> [Task details]
Quote exactly the lines from the start of the entries to the one with "Spongebob Genetics Page", both ends included.

(Data records)

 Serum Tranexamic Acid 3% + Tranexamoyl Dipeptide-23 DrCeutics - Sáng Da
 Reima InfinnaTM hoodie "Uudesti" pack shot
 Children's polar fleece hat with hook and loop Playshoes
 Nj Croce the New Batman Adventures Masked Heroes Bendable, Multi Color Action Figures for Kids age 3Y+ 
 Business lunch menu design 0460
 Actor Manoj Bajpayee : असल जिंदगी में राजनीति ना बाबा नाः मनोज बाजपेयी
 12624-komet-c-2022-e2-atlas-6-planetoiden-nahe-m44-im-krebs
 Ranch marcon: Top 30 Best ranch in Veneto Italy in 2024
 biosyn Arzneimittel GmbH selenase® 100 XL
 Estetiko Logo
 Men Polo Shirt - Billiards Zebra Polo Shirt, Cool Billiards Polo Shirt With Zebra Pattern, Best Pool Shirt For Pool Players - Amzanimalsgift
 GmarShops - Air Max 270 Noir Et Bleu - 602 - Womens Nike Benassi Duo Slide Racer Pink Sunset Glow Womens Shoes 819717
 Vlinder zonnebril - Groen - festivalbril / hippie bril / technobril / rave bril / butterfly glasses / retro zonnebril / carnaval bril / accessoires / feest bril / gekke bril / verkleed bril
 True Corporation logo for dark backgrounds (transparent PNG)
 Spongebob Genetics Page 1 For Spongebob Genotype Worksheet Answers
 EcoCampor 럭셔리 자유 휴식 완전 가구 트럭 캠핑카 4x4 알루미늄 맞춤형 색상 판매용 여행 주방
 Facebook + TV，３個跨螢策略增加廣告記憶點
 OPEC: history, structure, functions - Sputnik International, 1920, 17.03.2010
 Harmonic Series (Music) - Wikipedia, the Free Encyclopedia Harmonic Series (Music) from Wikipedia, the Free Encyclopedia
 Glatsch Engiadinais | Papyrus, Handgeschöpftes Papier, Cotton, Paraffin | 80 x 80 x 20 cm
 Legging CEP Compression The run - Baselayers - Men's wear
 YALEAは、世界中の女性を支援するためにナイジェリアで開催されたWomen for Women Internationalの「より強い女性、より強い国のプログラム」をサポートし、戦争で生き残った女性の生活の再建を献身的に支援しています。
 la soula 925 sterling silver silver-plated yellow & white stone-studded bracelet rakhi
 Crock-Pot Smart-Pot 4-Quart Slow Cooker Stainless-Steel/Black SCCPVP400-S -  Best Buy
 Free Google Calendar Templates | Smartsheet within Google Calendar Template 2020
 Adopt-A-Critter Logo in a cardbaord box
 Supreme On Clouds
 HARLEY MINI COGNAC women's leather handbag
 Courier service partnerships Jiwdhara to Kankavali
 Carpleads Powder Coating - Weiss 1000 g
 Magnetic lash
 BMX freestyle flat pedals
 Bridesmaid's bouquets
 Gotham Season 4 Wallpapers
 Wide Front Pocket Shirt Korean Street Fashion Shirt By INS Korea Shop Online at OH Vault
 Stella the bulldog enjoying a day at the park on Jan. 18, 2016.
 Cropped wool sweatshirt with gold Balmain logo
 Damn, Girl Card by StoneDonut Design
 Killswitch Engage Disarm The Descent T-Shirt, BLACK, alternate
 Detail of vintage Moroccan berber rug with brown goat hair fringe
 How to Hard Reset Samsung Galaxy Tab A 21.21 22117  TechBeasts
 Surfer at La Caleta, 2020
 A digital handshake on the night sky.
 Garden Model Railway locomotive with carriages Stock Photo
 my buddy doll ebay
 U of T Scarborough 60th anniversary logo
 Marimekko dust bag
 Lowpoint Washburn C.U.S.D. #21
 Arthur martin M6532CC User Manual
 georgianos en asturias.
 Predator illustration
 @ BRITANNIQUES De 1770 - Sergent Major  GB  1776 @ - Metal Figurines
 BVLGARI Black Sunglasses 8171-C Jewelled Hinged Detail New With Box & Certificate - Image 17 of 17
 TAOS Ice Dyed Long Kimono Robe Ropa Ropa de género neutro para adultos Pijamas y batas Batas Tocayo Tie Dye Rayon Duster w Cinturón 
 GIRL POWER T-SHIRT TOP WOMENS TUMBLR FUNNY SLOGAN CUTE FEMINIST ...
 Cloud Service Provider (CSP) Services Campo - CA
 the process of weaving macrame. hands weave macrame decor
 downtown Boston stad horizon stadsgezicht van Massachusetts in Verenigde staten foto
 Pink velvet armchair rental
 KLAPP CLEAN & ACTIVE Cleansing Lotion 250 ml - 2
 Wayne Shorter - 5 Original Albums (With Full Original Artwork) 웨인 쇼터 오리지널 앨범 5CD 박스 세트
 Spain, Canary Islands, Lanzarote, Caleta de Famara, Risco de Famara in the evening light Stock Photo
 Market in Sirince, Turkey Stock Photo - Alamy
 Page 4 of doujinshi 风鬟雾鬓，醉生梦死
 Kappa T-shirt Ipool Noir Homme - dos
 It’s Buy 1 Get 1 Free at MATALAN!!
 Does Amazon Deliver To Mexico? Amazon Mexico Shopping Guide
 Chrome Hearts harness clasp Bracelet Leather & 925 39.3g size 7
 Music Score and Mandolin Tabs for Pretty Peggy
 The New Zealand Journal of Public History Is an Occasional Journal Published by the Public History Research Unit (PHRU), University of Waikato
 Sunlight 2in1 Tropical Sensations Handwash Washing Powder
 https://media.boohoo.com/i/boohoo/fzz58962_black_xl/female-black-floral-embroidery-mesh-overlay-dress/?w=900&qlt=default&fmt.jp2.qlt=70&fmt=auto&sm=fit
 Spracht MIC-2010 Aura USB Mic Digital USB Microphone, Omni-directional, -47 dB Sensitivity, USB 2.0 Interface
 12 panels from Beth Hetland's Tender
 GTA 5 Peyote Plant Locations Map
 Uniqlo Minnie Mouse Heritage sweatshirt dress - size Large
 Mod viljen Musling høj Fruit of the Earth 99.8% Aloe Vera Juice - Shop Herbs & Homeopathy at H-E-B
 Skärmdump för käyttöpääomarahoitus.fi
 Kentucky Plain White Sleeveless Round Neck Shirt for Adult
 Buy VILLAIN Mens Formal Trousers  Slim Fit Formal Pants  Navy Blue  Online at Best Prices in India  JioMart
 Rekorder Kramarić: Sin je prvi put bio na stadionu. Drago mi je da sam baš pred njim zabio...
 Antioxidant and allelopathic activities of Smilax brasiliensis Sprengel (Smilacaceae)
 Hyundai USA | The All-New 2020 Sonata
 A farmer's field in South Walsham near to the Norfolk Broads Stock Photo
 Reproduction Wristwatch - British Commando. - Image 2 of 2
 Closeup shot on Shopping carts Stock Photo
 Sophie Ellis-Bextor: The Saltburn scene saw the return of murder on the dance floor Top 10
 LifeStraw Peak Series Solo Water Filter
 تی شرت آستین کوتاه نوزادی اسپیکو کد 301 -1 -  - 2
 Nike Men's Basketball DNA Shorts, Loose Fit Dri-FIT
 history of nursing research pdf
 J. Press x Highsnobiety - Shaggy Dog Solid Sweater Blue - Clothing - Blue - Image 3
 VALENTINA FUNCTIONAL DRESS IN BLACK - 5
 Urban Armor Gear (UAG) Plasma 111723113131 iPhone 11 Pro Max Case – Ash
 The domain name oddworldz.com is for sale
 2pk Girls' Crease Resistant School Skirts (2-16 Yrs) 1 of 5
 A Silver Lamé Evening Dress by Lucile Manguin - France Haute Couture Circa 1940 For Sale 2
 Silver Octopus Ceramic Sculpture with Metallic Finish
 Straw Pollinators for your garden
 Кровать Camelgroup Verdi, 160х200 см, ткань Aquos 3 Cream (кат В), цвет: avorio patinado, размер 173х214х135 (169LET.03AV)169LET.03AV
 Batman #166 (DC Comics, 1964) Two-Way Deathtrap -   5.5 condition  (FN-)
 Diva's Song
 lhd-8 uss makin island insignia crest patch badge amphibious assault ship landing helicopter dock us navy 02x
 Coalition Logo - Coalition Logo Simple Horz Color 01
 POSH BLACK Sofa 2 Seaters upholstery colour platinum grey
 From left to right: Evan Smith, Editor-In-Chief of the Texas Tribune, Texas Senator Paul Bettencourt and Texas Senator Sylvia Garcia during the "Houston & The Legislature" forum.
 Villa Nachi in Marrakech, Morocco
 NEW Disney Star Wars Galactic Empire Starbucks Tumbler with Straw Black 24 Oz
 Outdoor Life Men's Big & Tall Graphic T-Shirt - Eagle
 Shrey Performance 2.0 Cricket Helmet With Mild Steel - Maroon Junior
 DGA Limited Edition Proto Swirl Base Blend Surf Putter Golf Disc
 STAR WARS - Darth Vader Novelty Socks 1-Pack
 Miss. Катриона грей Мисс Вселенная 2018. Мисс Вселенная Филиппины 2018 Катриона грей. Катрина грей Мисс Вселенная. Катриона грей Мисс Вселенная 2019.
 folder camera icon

> [Result of the exercise]
 Serum Tranexamic Acid 3% + Tranexamoyl Dipeptide-23 DrCeutics - Sáng Da
 Reima InfinnaTM hoodie "Uudesti" pack shot
 Children's polar fleece hat with hook and loop Playshoes
 Nj Croce the New Batman Adventures Masked Heroes Bendable, Multi Color Action Figures for Kids age 3Y+ 
 Business lunch menu design 0460
 Actor Manoj Bajpayee : असल जिंदगी में राजनीति ना बाबा नाः मनोज बाजपेयी
 12624-komet-c-2022-e2-atlas-6-planetoiden-nahe-m44-im-krebs
 Ranch marcon: Top 30 Best ranch in Veneto Italy in 2024
 biosyn Arzneimittel GmbH selenase® 100 XL
 Estetiko Logo
 Men Polo Shirt - Billiards Zebra Polo Shirt, Cool Billiards Polo Shirt With Zebra Pattern, Best Pool Shirt For Pool Players - Amzanimalsgift
 GmarShops - Air Max 270 Noir Et Bleu - 602 - Womens Nike Benassi Duo Slide Racer Pink Sunset Glow Womens Shoes 819717
 Vlinder zonnebril - Groen - festivalbril / hippie bril / technobril / rave bril / butterfly glasses / retro zonnebril / carnaval bril / accessoires / feest bril / gekke bril / verkleed bril
 True Corporation logo for dark backgrounds (transparent PNG)
 Spongebob Genetics Page 1 For Spongebob Genotype Worksheet Answers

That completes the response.